The data –

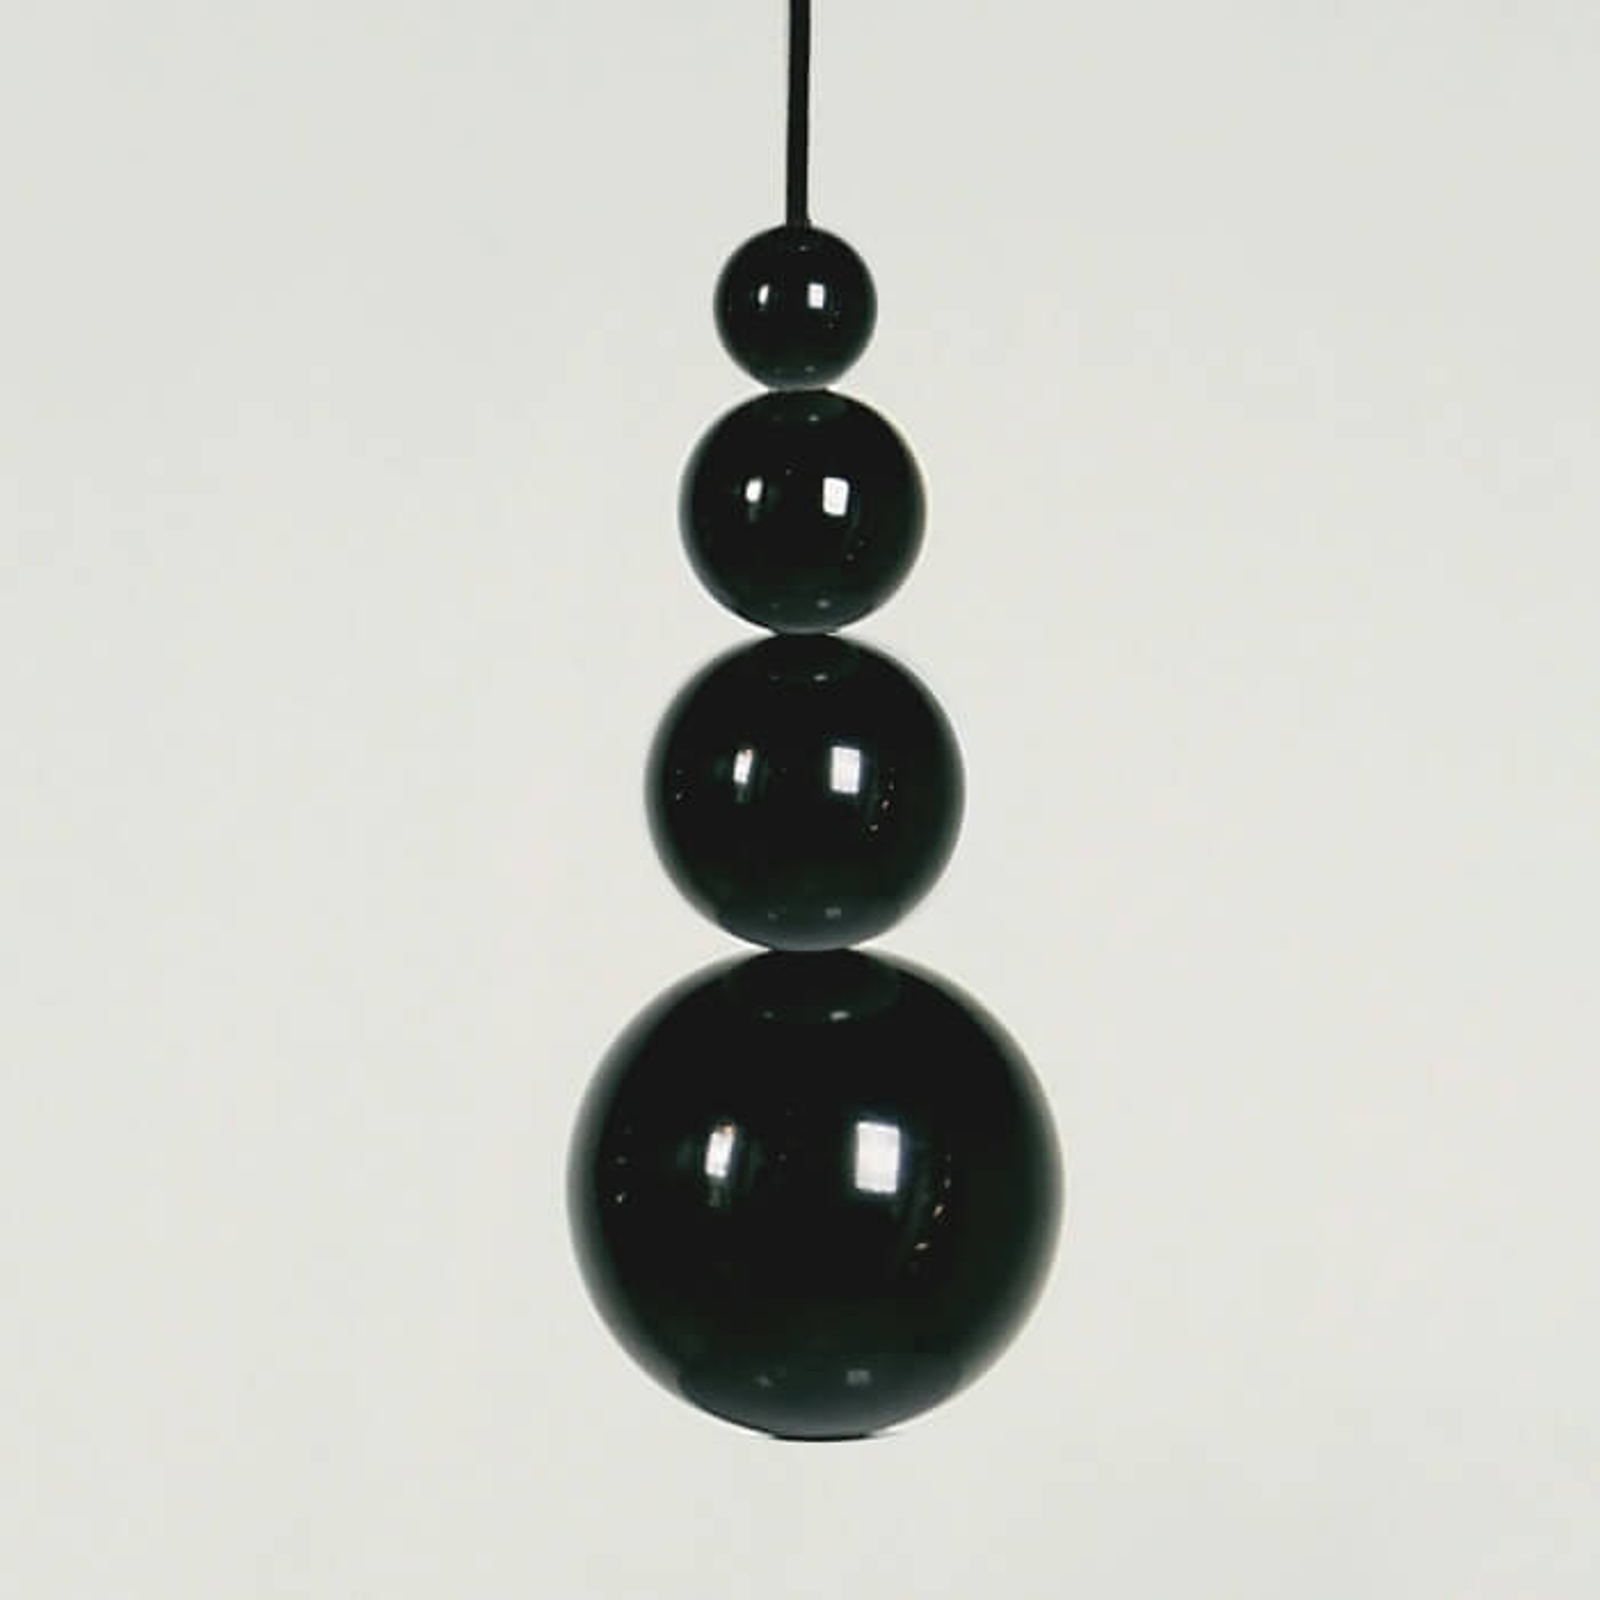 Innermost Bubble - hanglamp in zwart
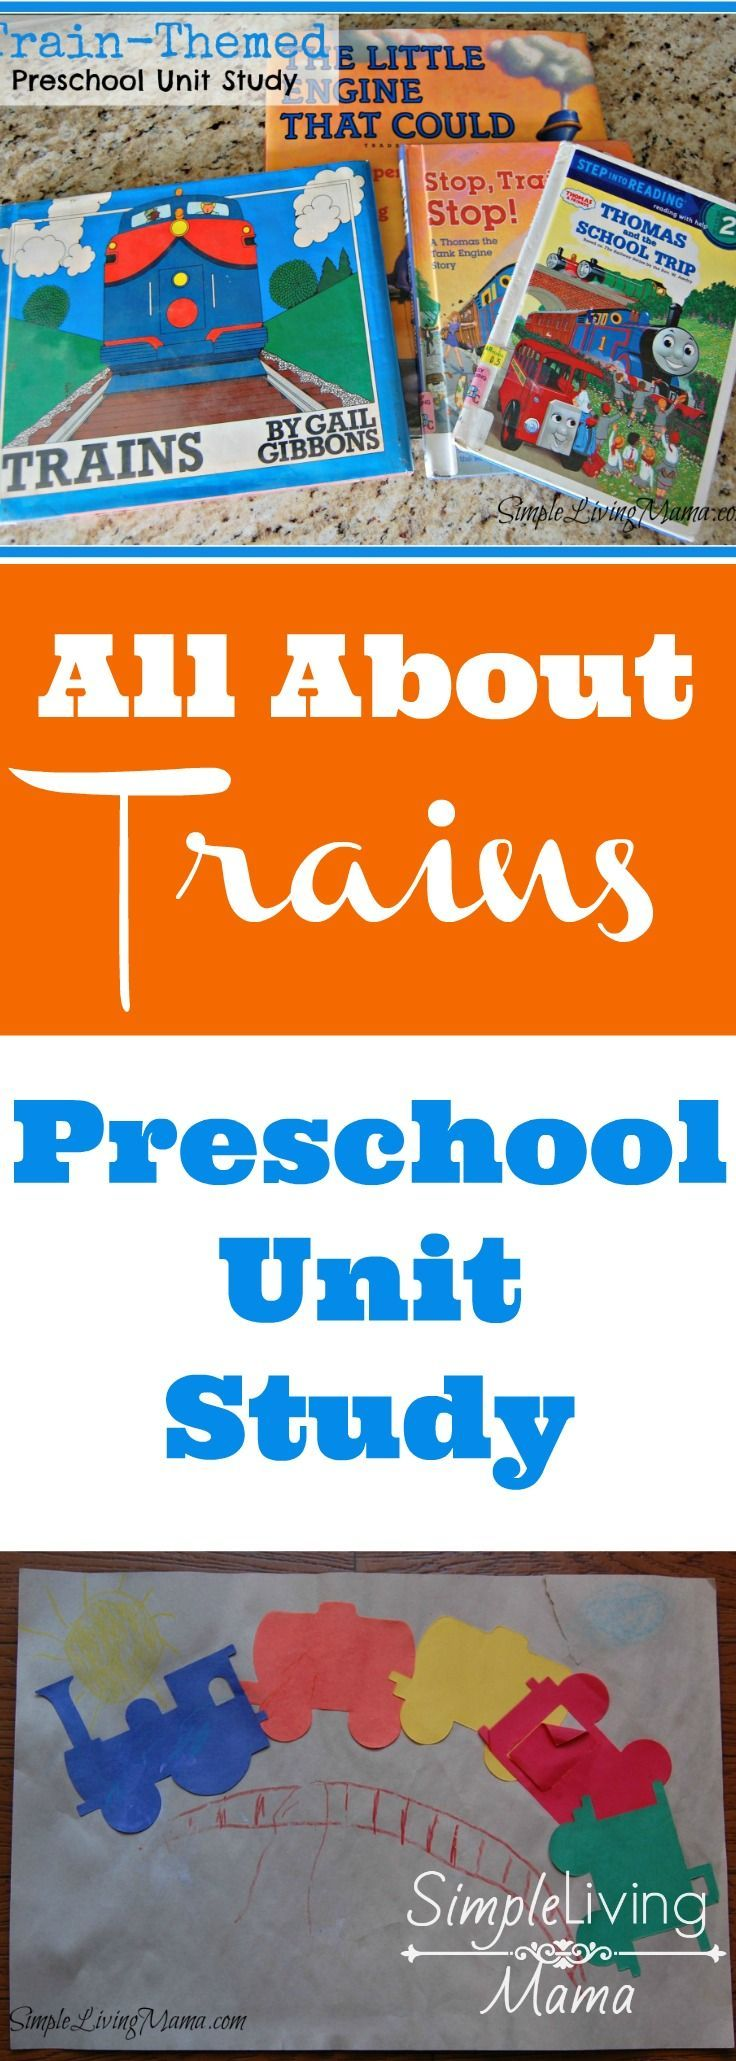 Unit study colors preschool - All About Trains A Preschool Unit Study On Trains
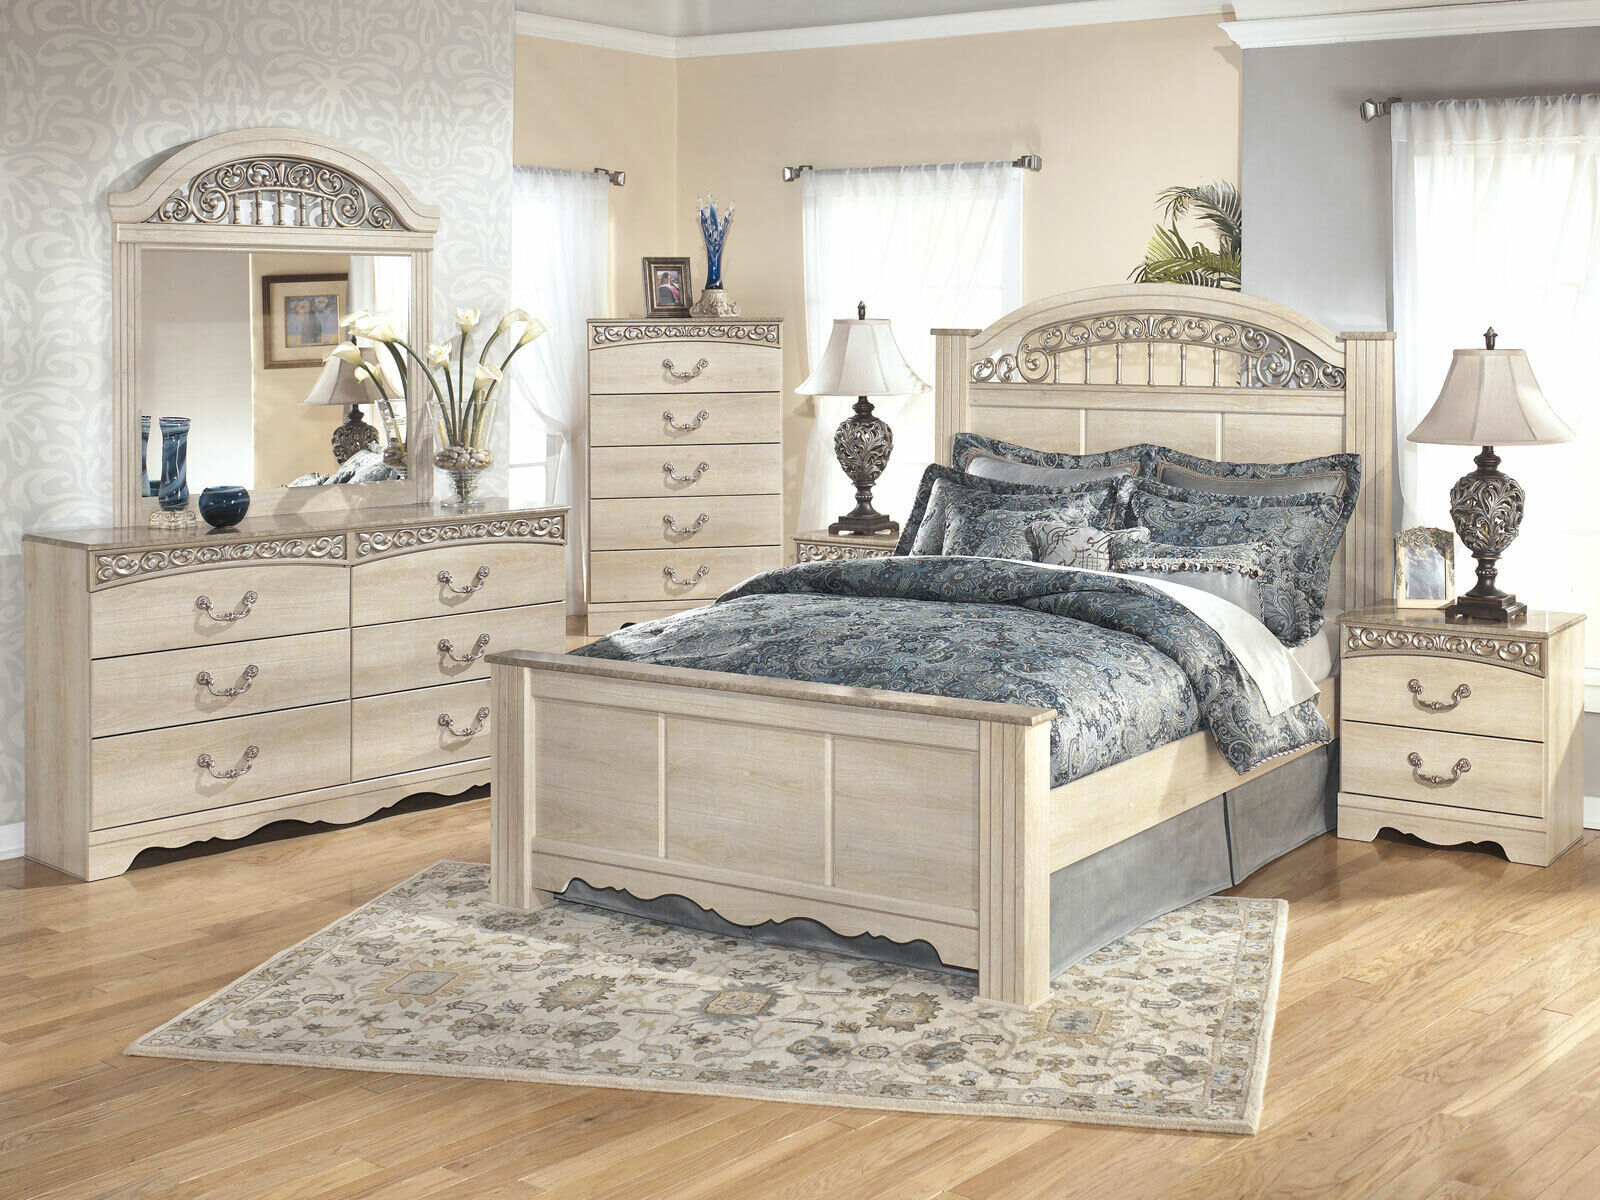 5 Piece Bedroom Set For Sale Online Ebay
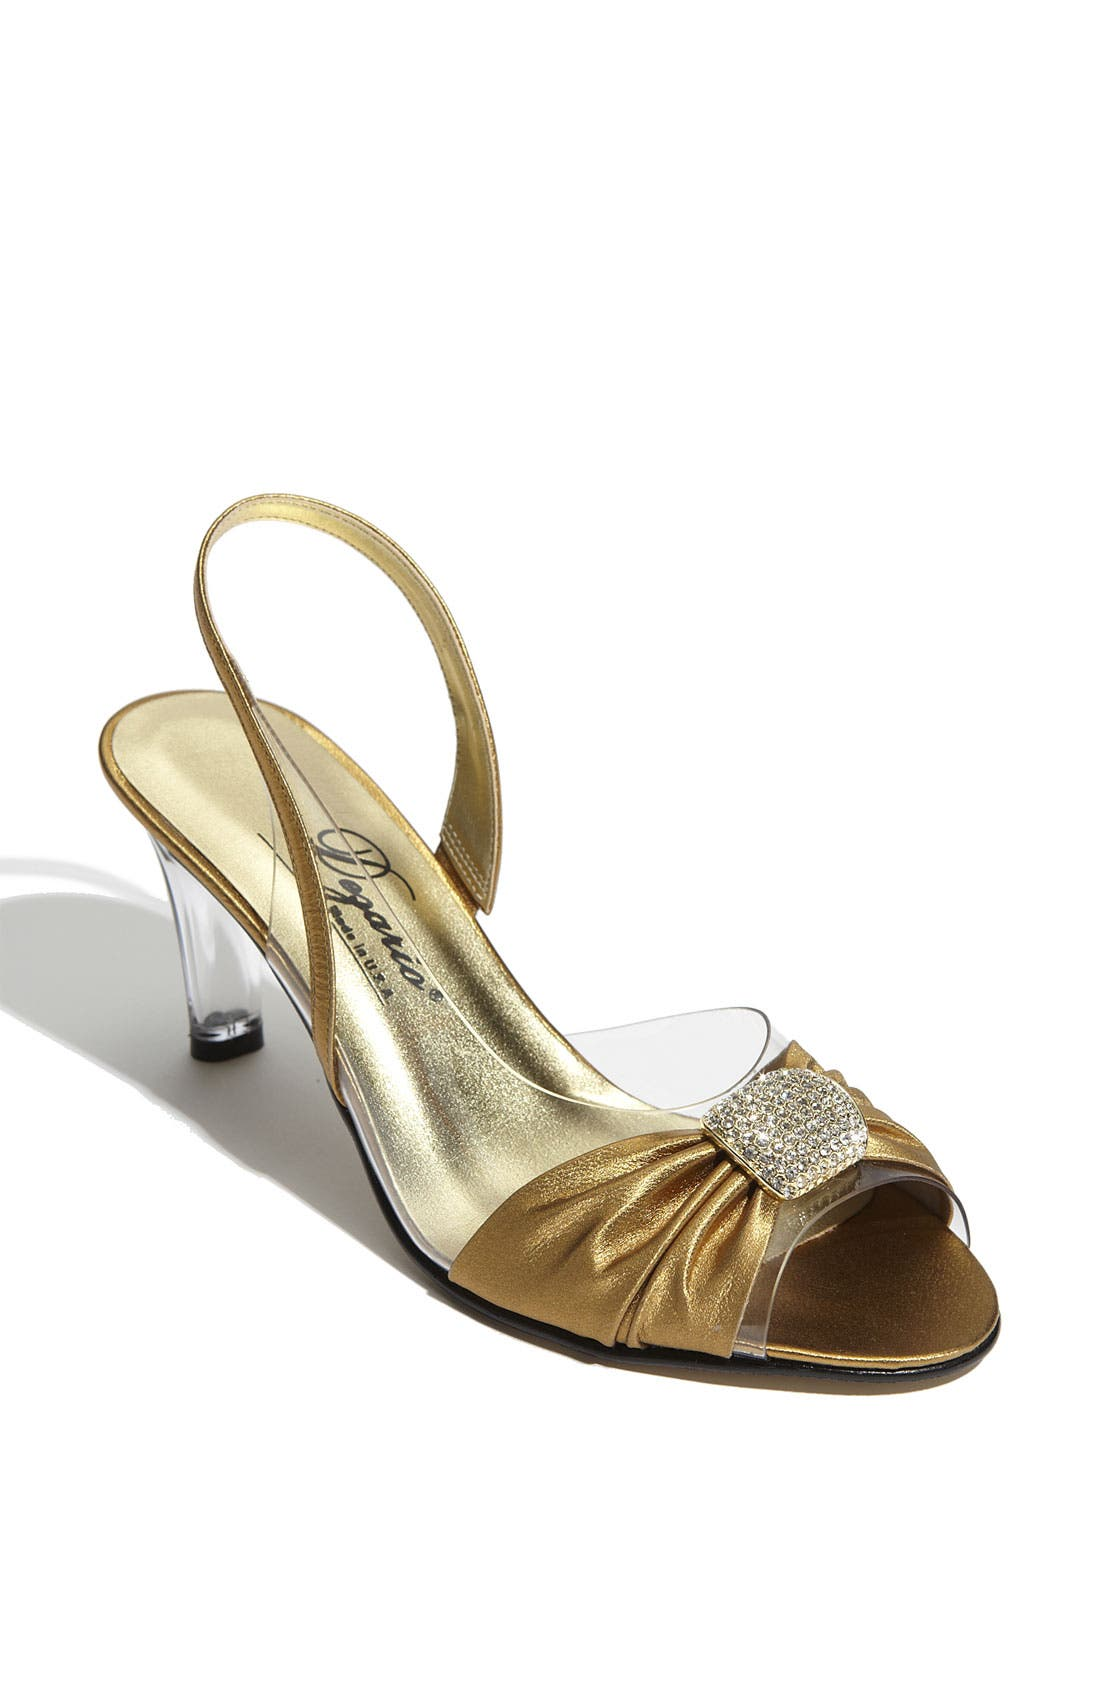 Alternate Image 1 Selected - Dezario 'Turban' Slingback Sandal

Work required – Print out all the material above exactly as it appears, omitting the images.

Solution for this exercise –
 Innermost Bubble - hanglamp in zwart
 Unit study colors preschool - All About Trains A Preschool Unit Study On Trains
 5 Piece Bedroom Set For Sale Online Ebay
 Alternate Image 1 Selected - Dezario 'Turban' Slingback Sandal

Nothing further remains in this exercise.